Let $\triangle ABC$ a triangle, and $P$ a point inside $\triangle ABC$. Let $D$, $E$, $F$ mid points of $\overline{AP}$, $\overline{BP}$ and $\overline{CP}$ respectively and $L=\overline{BF}\cap\overline{CE}$, $M=\overline{CD}\cap\overline{AF}$, $N=\overline{AE}\cap\overline{BD}$.
- Prove that the hexagon $DNELFM$ has one third the area of the $\triangle ABC$
- Prove that the diagonals $\overline{DL}$, $\overline{FN}$, $\overline{ME}$ of the hexagon $DNELFM$ concur at one point.

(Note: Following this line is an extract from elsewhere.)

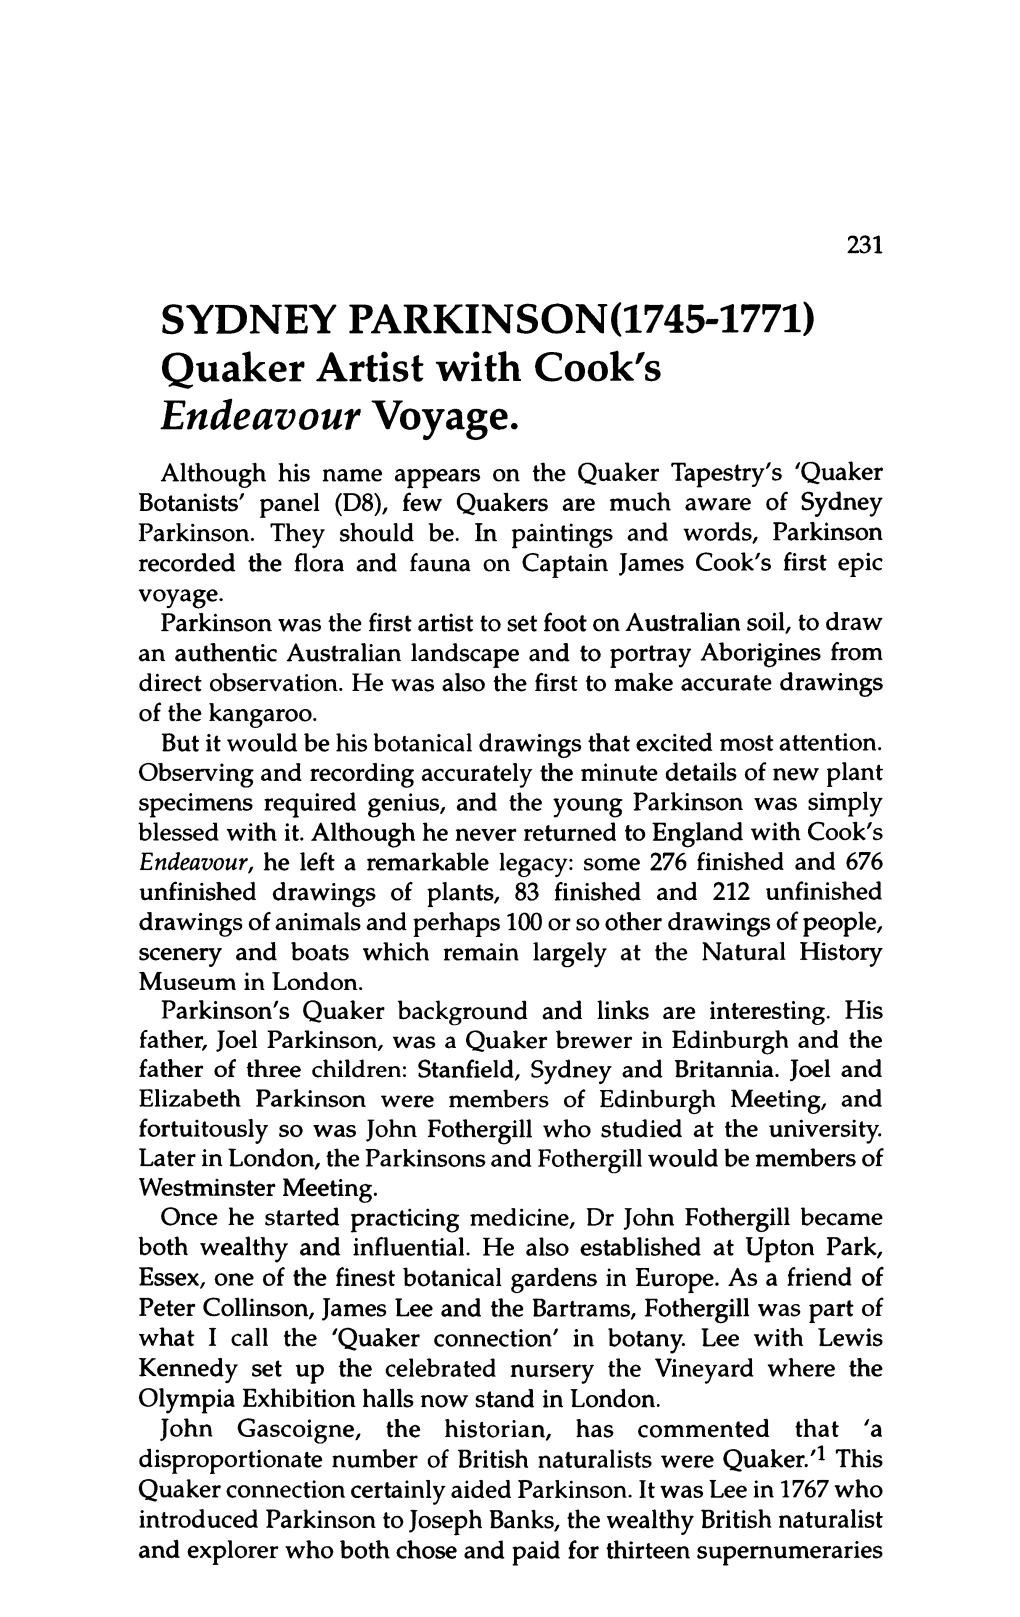 SYDNEY PARKINSON(1745-1771) Quaker Artist with Cook's Endeavour Voyage

I already proved part 1, but I'm having trouble with part 2 of this question, any advices?
This is pretty simple by exploiting vectors or affine maps.
$D$ is the midpoint of $AP$, hence $D=\frac{A+P}{2}$. $L$ is the centroid of $BCP$, hence $L=\frac{B+C+P}{3}$. $$2D+3L=A+B+C+2P = 3G+2P = 2E+3M = 2F+3N$$ hence the diagonals of $DMFLEN$ meet at $\frac{3}{5}G+\frac{2}{5}P$ with $G$ being the centroid of $ABC$.